A representative office and a branch of a foreign legal entity | Serbia
Recently, in our business practice, we often encounter a misunderstanding of the difference between a foreign representative office and a branch of a foreign legal entity. The representative office of a foreign entity is not recognized as a legal entity in the Republic of Serbia, pursuant to Article 574 of the Law on Companies, which states that the representative office of a foreign company represents a separate organizational part of the foreign legal entity, with the authority to carry out preliminary and preparatory activities in order to conclude the legal activity of that company.
In accordance with the abovementioned, the representative office is not subject to the obligation to provide justification for the payment of funds from the account of the representative office maintained at a local commercial bank, in terms of the provisions of the law regulating accounting.
In the matter of the branch of a foreign legal entity in Serbia, the situation is completely different. A foreign legal entity may perform activities on the territory of the Republic of Serbia through a branch that is established and registered in accordance with the regulations of the Republic of Serbia.
Registration and performing business activities of a branch of a foreign legal entity are carried out in accordance with the following regulations: the Law on Companies, the Law on the Procedure of Registration with the Serbian Business Registers Agency (Official Gazette of the RS, Nos. 99/2011, 83/2014, 31/2019) and the Law on the Execution of Payments of Legal Persons, Entrepreneurs and Natural Persons Not Performing Commercial Activity (Official Gazette of RS, No. 68/2015).
Given the fact that the branch of a foreign legal entity is considered a resident, it is subject to the obligation to provide justification for the payment of funds from the account of the branch maintained at a local commercial bank.
A non-resident taxpayer is subject to taxation of profits in accordance with the Profit Tax Law, which they generate by performing business activities through a permanent business unit, in the manner prescribed by this law, unless otherwise prescribed by an international treaty on the avoidance of double taxation.
A non-resident taxpayer who performs activities through a permanent business unit, which does not keep business records, in accordance with the regulations governing accounting, is obliged to keep records in that permanent business unit that include all data on income and expenditures, as well as to submit a tax basis balance sheet and a tax return. This primarily refers to the representative offices of foreign legal entities, which do not keep business records, in accordance with the regulations.

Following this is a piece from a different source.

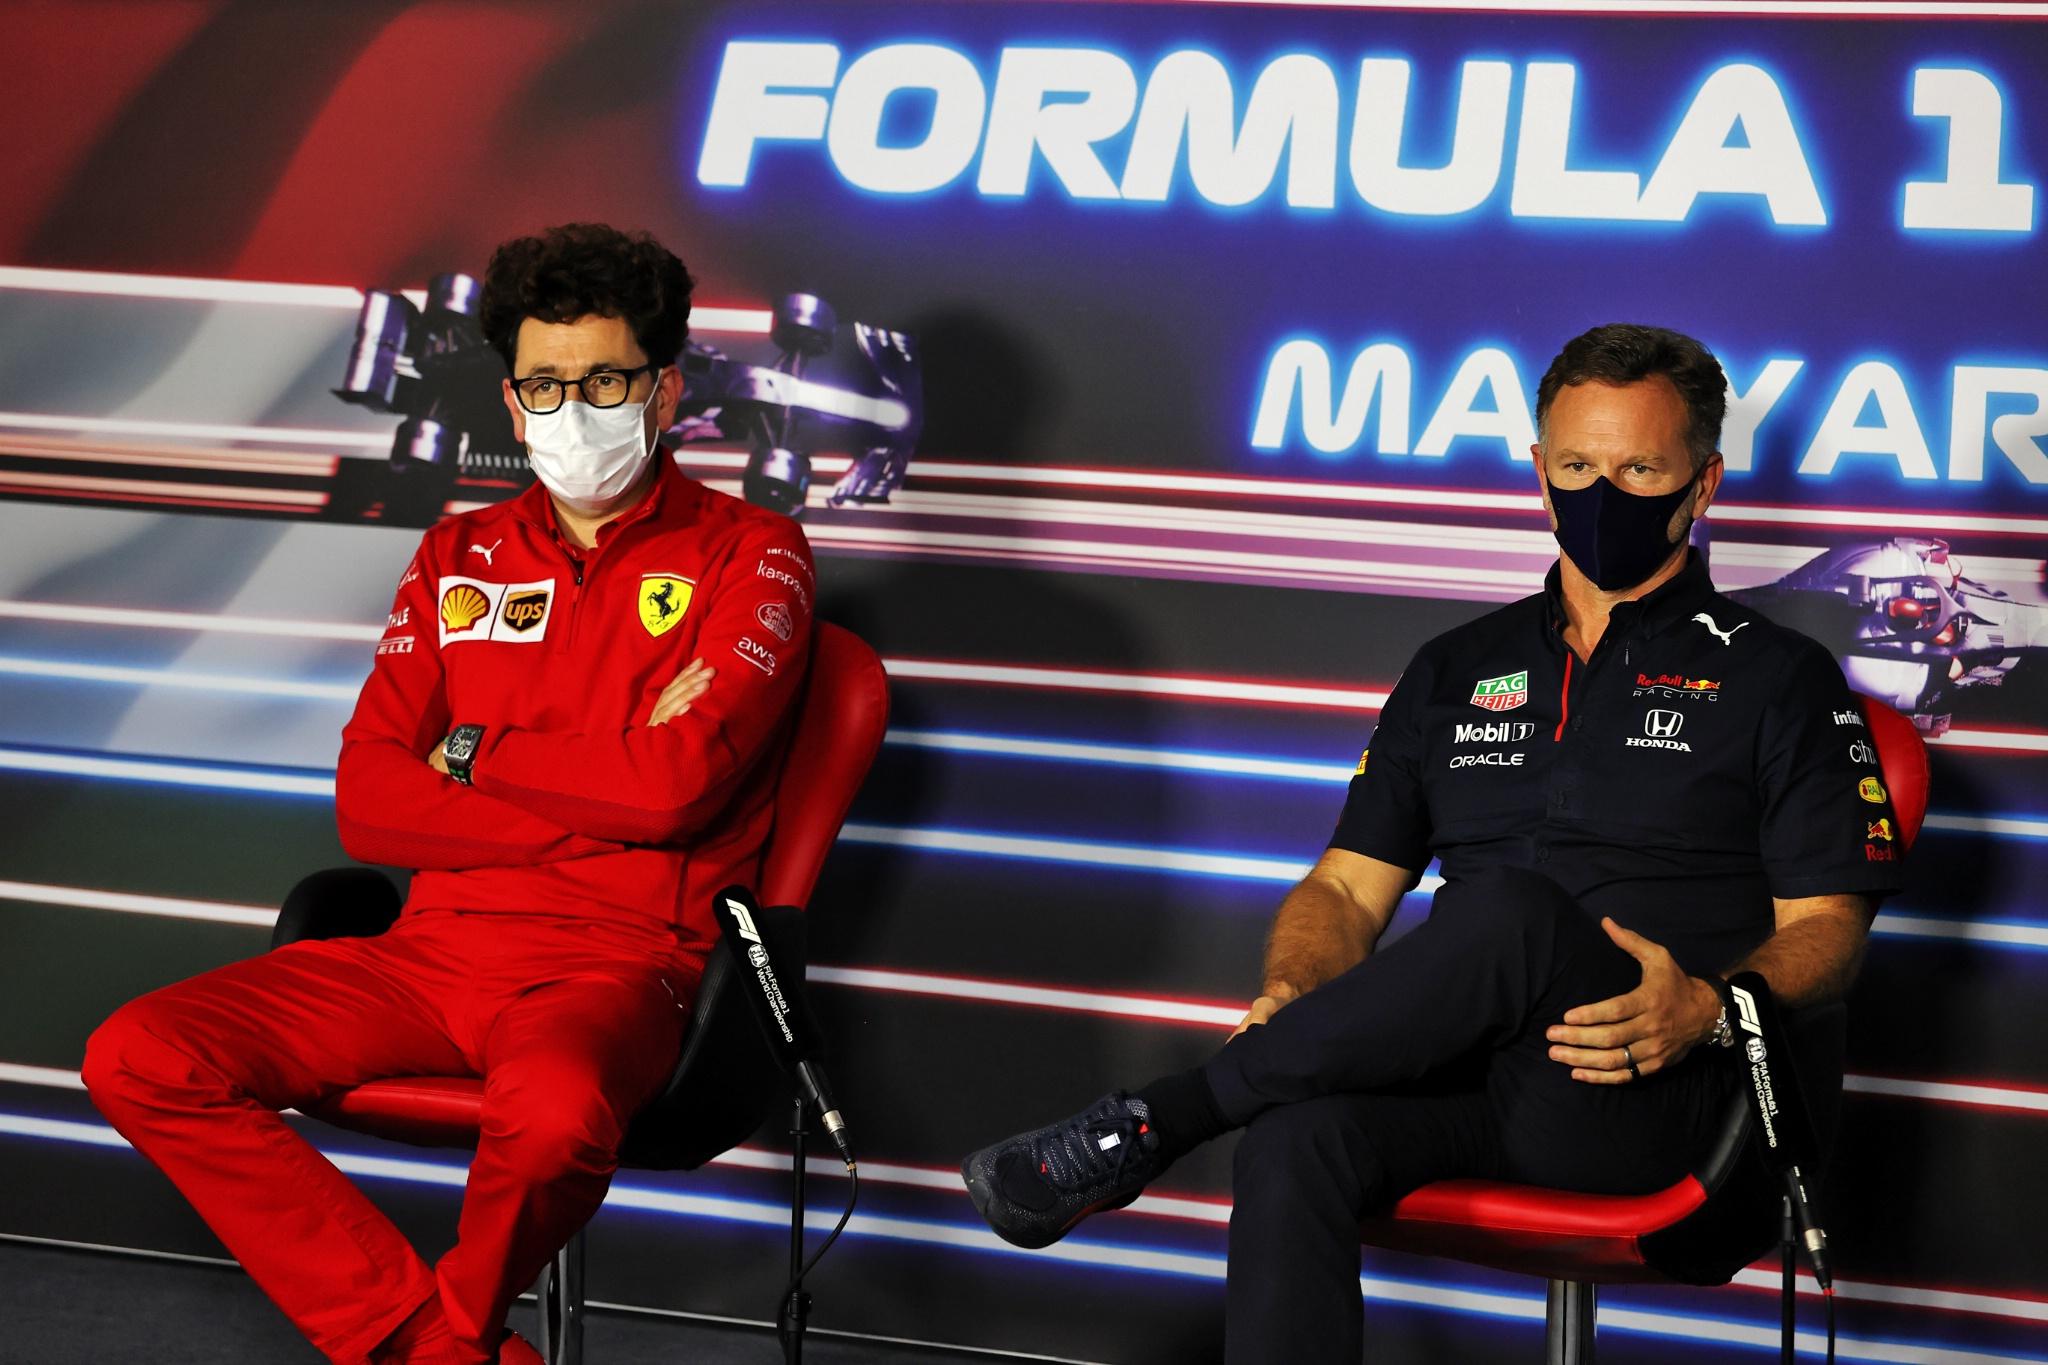 (L to R): Mattia Binotto (ITA) Ferrari Team Principal and Christian Horner (GBR) Red Bull Racing Team Principal in the FIA Press Conference.

In other words, the non-residents who generate profit on the territory of Serbia will also be taxed with profit tax, if they do not have the status of a permanent business unit in terms of international agreements. For example, this means that, if a resident of the Russian Federation owns a business unit in Serbia for less than a year, that profit will only be taxed in the Russian Federation; however, in accordance with Article 5 Paragraph 3, this non-resident will have the obligation to submit a tax return and tax basis balance sheet to the competent tax authority. The tax return and the tax basis balance sheet must be submitted by March 31, 2023.